Today I have the joy of formally describing something I have been unconsciously facilitating for years by now in my structures and schema designs: that of the pure data. What is it? Why does it matter?
Pure data is a formulation of data that obviates the possibility of communicating any invalid value by virtue of its structure. The most basic form of data structure is the enumeration – therefore, given an enumeration and a numeric coding (typically binary, so base 2), one can ascertain that the data is pure if its enumerative typing completely fills its numeric coding.
The most trivial case of this is the boolean, which is an enumeration of two values, false
and true
. The point of value about this is that concretely, communicating this only takes one bit, leaving no room for ambiguity in its constitution.
This can then be extended to all enumerations of arbitrary size: an enumeration of some bitfield or set of bitmasks which deal with 5 bits would be pure if it had exactly 2⁵ or 32 valid values, with no bits reserved, prohibited or undefined. It cannot have 33 values, as this would not fit, and it cannot have 31 values, as this would leave room for ambiguity which might be considered invalid.
Beyond this, one can extend the concept to the full breadth of plain old data by using struct
s and union
s in the same old C fashion. We define a pure data type as above, and conclude that a pure structure is that composed of a set of either pure data types or pure structures. The same law of associativity applies again with unions – as long as your primitive bits are pure, all the way down, your complex bits are pure, too.

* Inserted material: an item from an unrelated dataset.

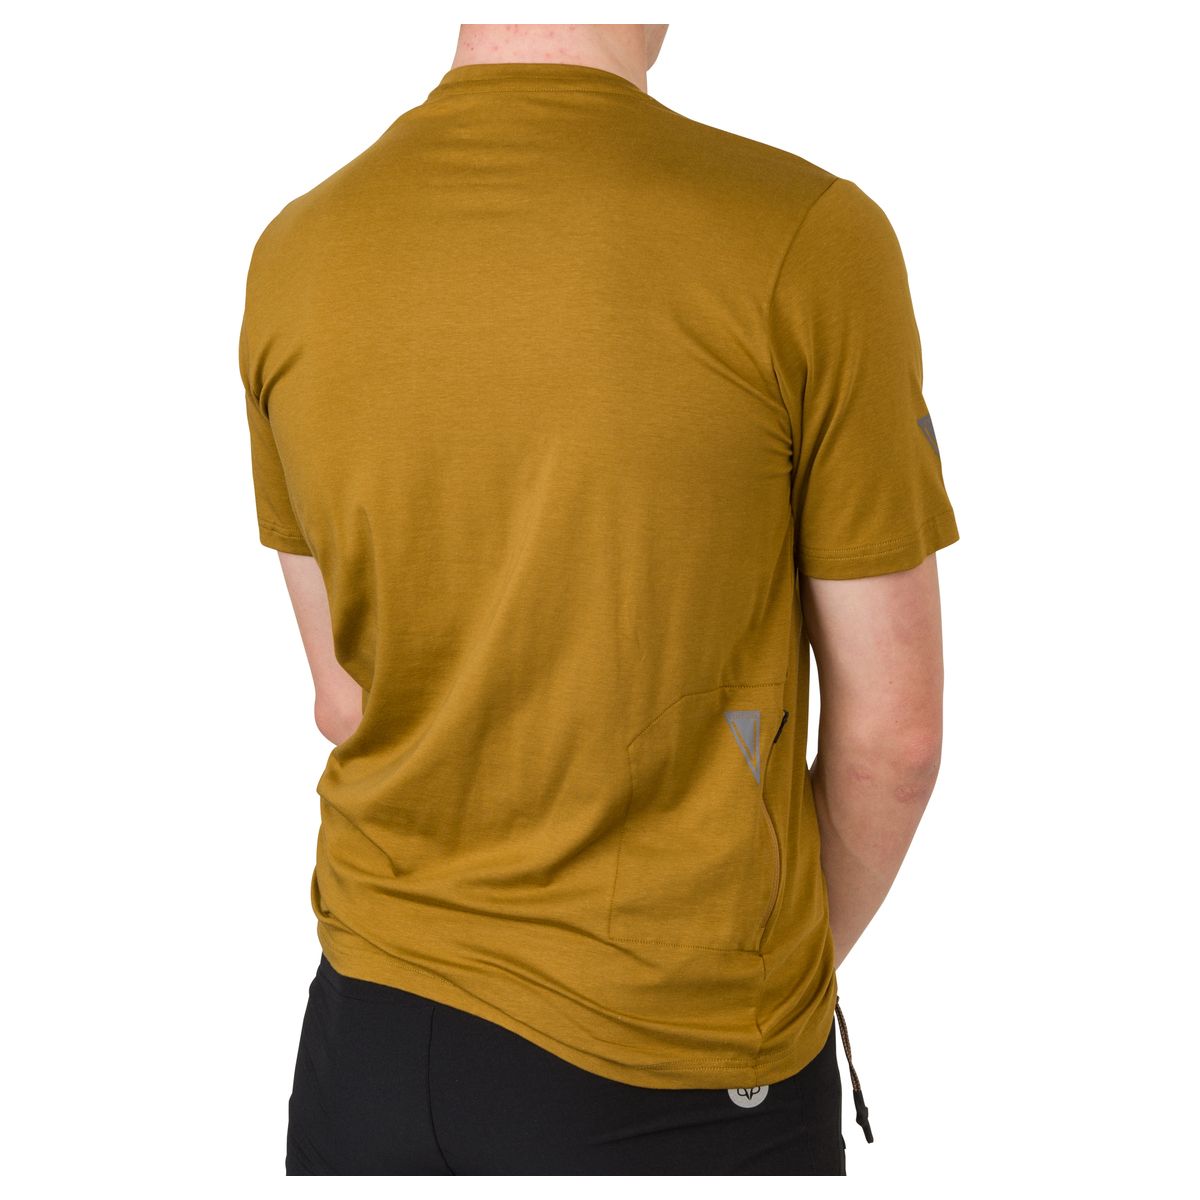 Performance T-shirt Venture fit example

Why does this matter? Two reasons: it is maximally efficient, and it eliminates deniability.
The first is more self-explanatory: no space is wasted in the information coding. We discussed this above with the 5-bit field providing exactly 32 values: any less and you still have room for more information, while any more would overflow the medium. It is therefore canonical in its structure.
The second perhaps has more profound implications: if I have a prior understanding with you that the form of something I may say to you in the future is either A, or B, and nothing else, I have made myself maximally transparent to you about my intentions and ability to communicate that thing whenever I may do so. I cannot later choose to send C, if only because I saved myself no means to do so. The only option besides A and B is to refrain from sending anything at all.
This is powerful because it minimises the surface area for more sophisticated forms of lying. 30 years of personal computing have shown us all the immense corrosive power of the colloquial “computer error” in popular culture, and unfortunately the utility of this as a basis for lies has only grown in proportion to the relevance of computers. I contend that this is only made possible by a defect in the understanding of informatics that informs our technical culture – we nerds simply don’t yet know how to make computers more robust in their honesty, until now. Historically we overlooked the propensity for chaos inherent to some field that is documented along the lines of Prohibited - Reserved Do Not Modify
, and this has led to much chaos and discord that the world could do without. Even ignoring adversarial interpretations of protocols and implementations, it is a danger in itself to have invalid values in a concrete data type as it will, at a minimum, demand special attention in its handling that distorts the weight of the data in relation to its companion algorithm. Sorting through a data set may be a fine and clean ordeal, but suddenly it’s not so nice when you have to check for invalid values. Working around that is a problem I contend is better solved at the data design stage rather than the implementation stage. So, the concept of pure data is a more fully generalised solution to these problems.
You can make your intended messages as clear as possible, but it will only get you so far if the medium underlying those messages is ambiguous in its own right. Pure data is about creating mediums that lack that kind of vulnerable ambiguity. As sure as it solves for efficiency and security in one fell swoop, I am confident that it is a very true and powerful concept that will come to inform much of informatics for centuries to come.